Search code examples
mysqlalgorithmsearchnested-sets

Searching a nested set


I've got a MySQL table that acts like a nested set in order to contain a hierarchy of categories. The table schema looks like:

CREATE TABLE IF NOT EXISTS `categories` (
  `id` int(11) NOT NULL auto_increment,
  `name` varchar(200) NOT NULL,
  `parent_id` int(11) default NULL,
  `lft` int(11) default NULL,
  `rgt` int(11) default NULL,
  PRIMARY KEY  (`id`),
  UNIQUE KEY `index_categories_on_parent_id_and_name` (`parent_id`,`name`)
)

lft and rgt define the left and right boundaries of a node (the way a nested set works is that each node's id falls within its parent's boundaries), and parent_id specifies the parent node. The unique index allows there to be multiple categories with the same name, as long as they don't have the same parent.

I am trying to figure out a proper way to find a specific node in the set, based on hierarchy. For instance, if I look for foo/bar/baz, I want to retrieve the node named baz, whose parent is named bar, who's parent is named foo. Obviously, I can't just search by name, because there could be multiple categories with the same name.

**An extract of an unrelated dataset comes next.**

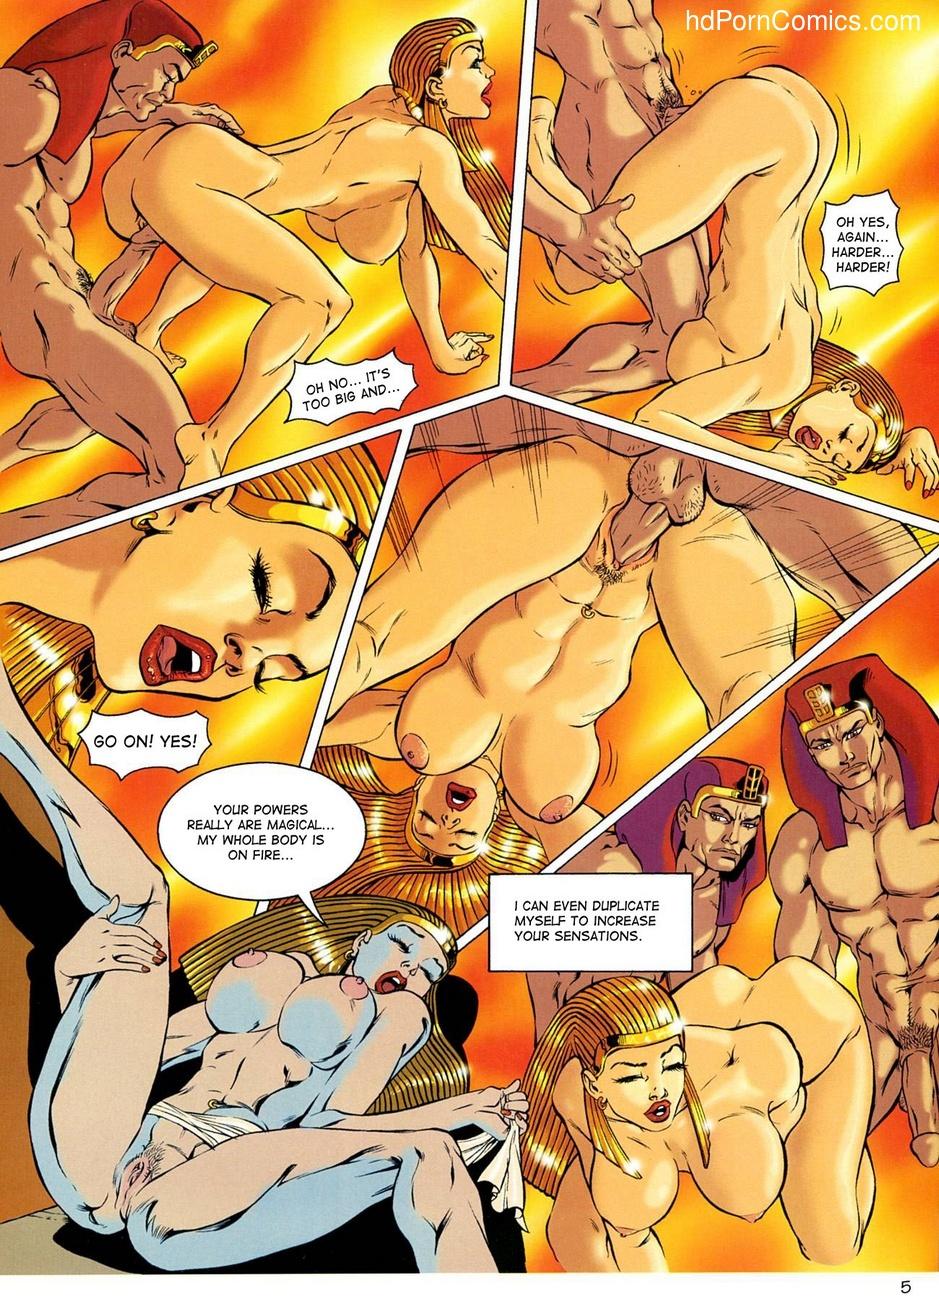 lara jones comics xxx

The way I can think of doing this is to find the topmost category, then find each subsequent category with the given name whose parent id is that of the previously found category, but this doesn't seem very efficient to me. Is there a better way to search a nested set?


Solution

  • I don't believe there's a perfectly clean and efficient way to do this with nested sets. Storing a list of the node's ancestors in a denormalized column would provide this efficiently, but I don't suggest implementing it.

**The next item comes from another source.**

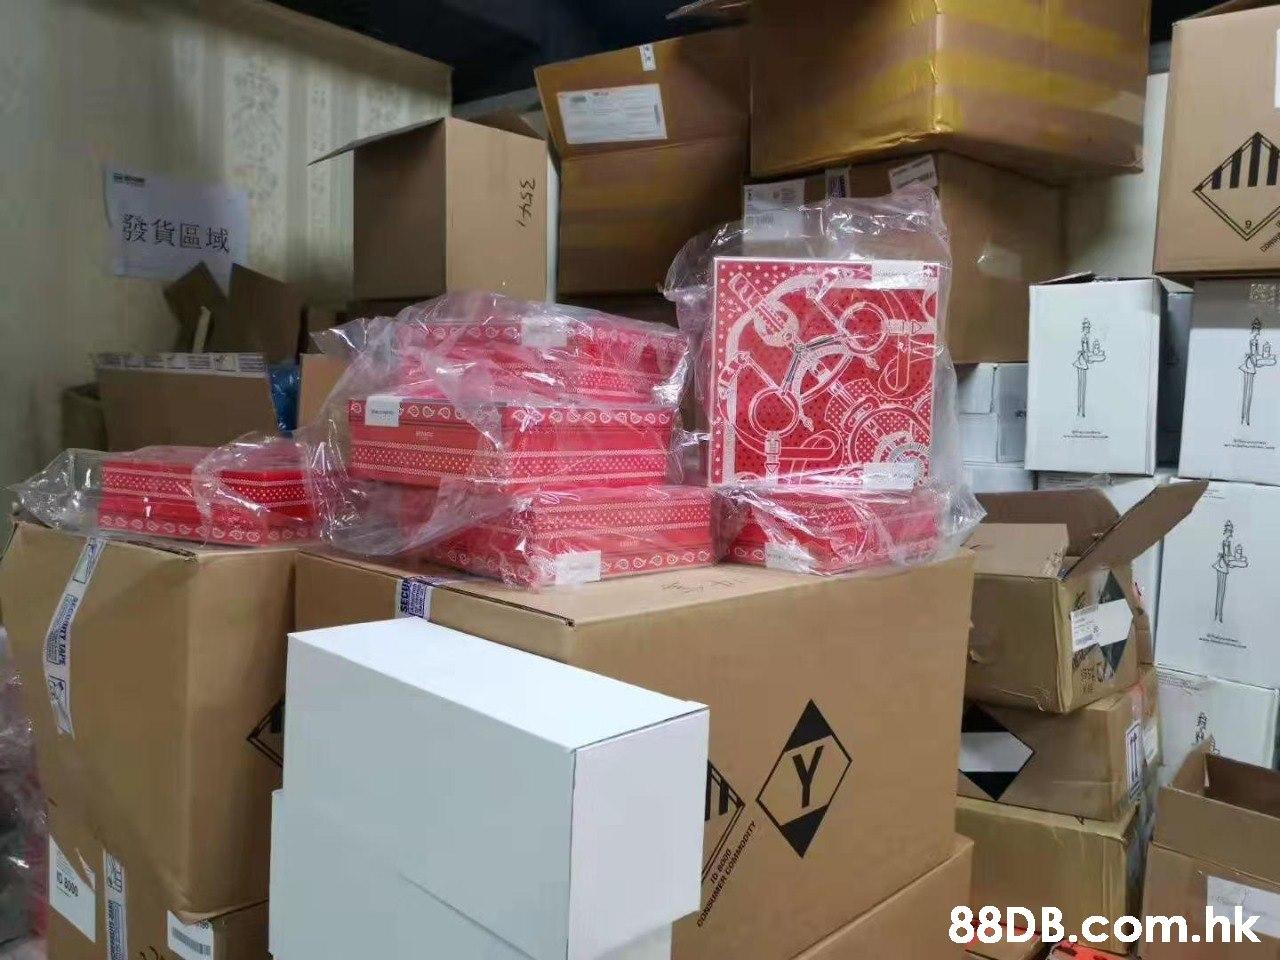 發貨區域 AЬ DORS .hk 354,  Carton,Material property,Box,

    There is an ok'ish method though, which is 1 query and will conveniently hit the index you already have. You're looking at one join for each level of depth of the target node.

    For your example foo-bar-baz

    select c3.*
    from categories c1
    inner join categories c2 on c2.parent_id = c1.id AND c2.name = 'bar'
    inner join categories c3 on c3.parent_id = c2.id AND c2.name = 'baz'
    where c1.name = 'foo'

    It's not the greatest, but it's probably your best bet unless you want to go to the effort of storing a bunch of denormalized information. It's fairly straight forward to generate the SQL in code as well.